About Hanakoa Falls
Hanakoa Falls is the other of two well-named waterfalls featured on the Kalalau Trail along the famed Na Pali Coast.
This one is much taller than Hanakapi’ai Falls.
However, it has lower flow (at least in my experience).
Although I’ve seen it said that this waterfall can top 1,000ft in height, I was only able to see the last 300 or 400ft of it.
If the height figure is correct, then perhaps there are more hidden tiers unseen from the ground.
I did recall seeing more tiers from helicopter rides that wouldn’t have been visible from the ground.
Being situated well into the Na Pali Coast, this impressive falls is nestled within one of the cathedral-like wrinkles in the mountains backing Hanakoa Valley.
It was roughly at the half way point of the Kalalau Trail.
Hanakoa Falls Permit
In order to get all the way to Hanakoa Falls, I had to obtain a hiking permit (or a camping permit) because it required me to hike beyond Hanakapi’ai Beach.
I managed to pick it up in person from the Department of Land and Agriculture building in Lihu’e.
Moreover, I was able to get a day hike permit a couple of days before the hike.
Ordinarily, I understand that permits to do the Kalalau Trail beyond Hanakapi’ai Beach would typically require bookings six months in advance!
However, I was able to secure my permits last minute because I wasn’t seeking a camping permit (for Kalalau Beach).
Instead, I only needed the day use permit for Hanakoa Falls.
Hiking to Hanakoa Falls
There was a reason why the authorities required permits to do any kind of hike beyond Hanakapi’ai Beach.
I even struggled big time with the day hike because it was brutally narrow, hilly, and slow.
It was wrought with hazards such as the nearly constant long drop-offs on the makai side.
I also had to contend with slippery and narrow sections of track that almost forced me to scratch myself against some of the overgrowth protruding onto the trail.
All said, it easily took me from day break to sunset to cover the 13 miles round trip to do this hike.

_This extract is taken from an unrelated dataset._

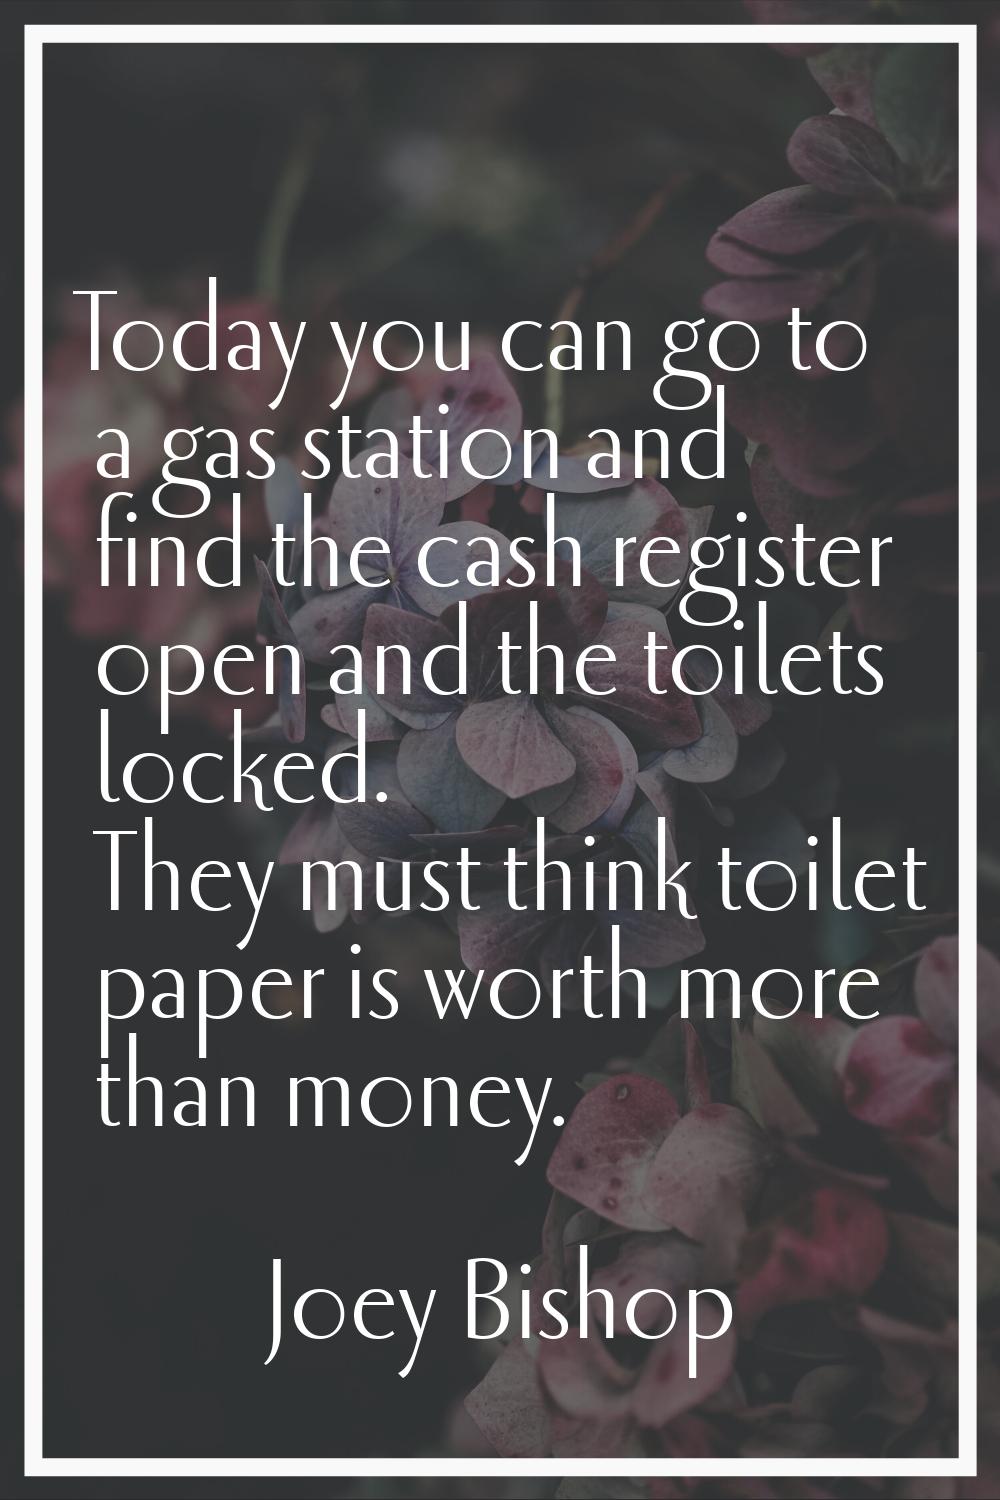 Today you can go to a gas station and find the cash register open and the toilets locked. They must

Indeed, it was a pace that was nowhere near the usual 2mph from more normal hikes.
I also nearly dehydrated and suffered a heat stroke after running out of water.
So the lesson learned here was to bring a filter (you can read about my adventure here) or iodine tablets.
The Spur Trail to Hanakoa Falls
In terms of logistics, the turnoff for Hanakoa Falls was after the crossing of Hanakoa Stream about 4 miles beyond Hanakapi’ai Beach along the Kalalau Trail (or about 6 miles from the trailhead).
There were picnic shelters nearby that kind of hinted to me that the easy-to-miss signed turnoff was near.
It easily took me nearly 5 hours just to get to this point.
Once I managed to find the overgrown spur trail, there were bright ribbons tied to twigs to help identify the difficult-to-follow Hanakoa Falls Trail.
At times the trail hugged eroded ledges overlooking Hanakoa Stream.
Other times, the trail disappeared into the dense shadows of vegetative overgrowth providing plenty of headscratching and doubling back moments for me.
The falls finally became visible through the foliage about 1/2 mile from the turnoff heading inland from the Kalalau Trail.
A posted sign warned against falling rocks, and the field of large boulders that have already tumbled down the hillside provided an additional warning against me venturing any closer.
Even though I managed to reach the falls at around midday, I took an extended lunch break until around 1:30pm.
Therefore, the hike back seemed even longer and more difficult as I gave myself less time to get back before dark (though the break was very necessary).
So do keep in mind that this hike is not for the faint-of-heart!
Hanakoa Falls resides in Napali Coast State Wilderness Park. For information or inquiries about the general area as well as current conditions, you may want to try visiting the Department of Land and Natural Resources (DLNR) website.
This hike shares the same trailhead as the Hanakapi’ai Falls trail (let alone the Kalalau Trail). We’ll reproduce the driving directions here for convenience.
From Princeville (30 miles or an hour drive north of Lihu’e), follow Route 560 west for 10 miles to its end near Ke’e Beach and the Kalalau Trail trailhead. Note that the 56 (Kaumuali’i Hwy) becomes Route 560 (Kuhio Hwy) just west of Princeville. The primitive parking lot has very limited space, especially considering the number of large trucks, SUVs, and RVs parking here.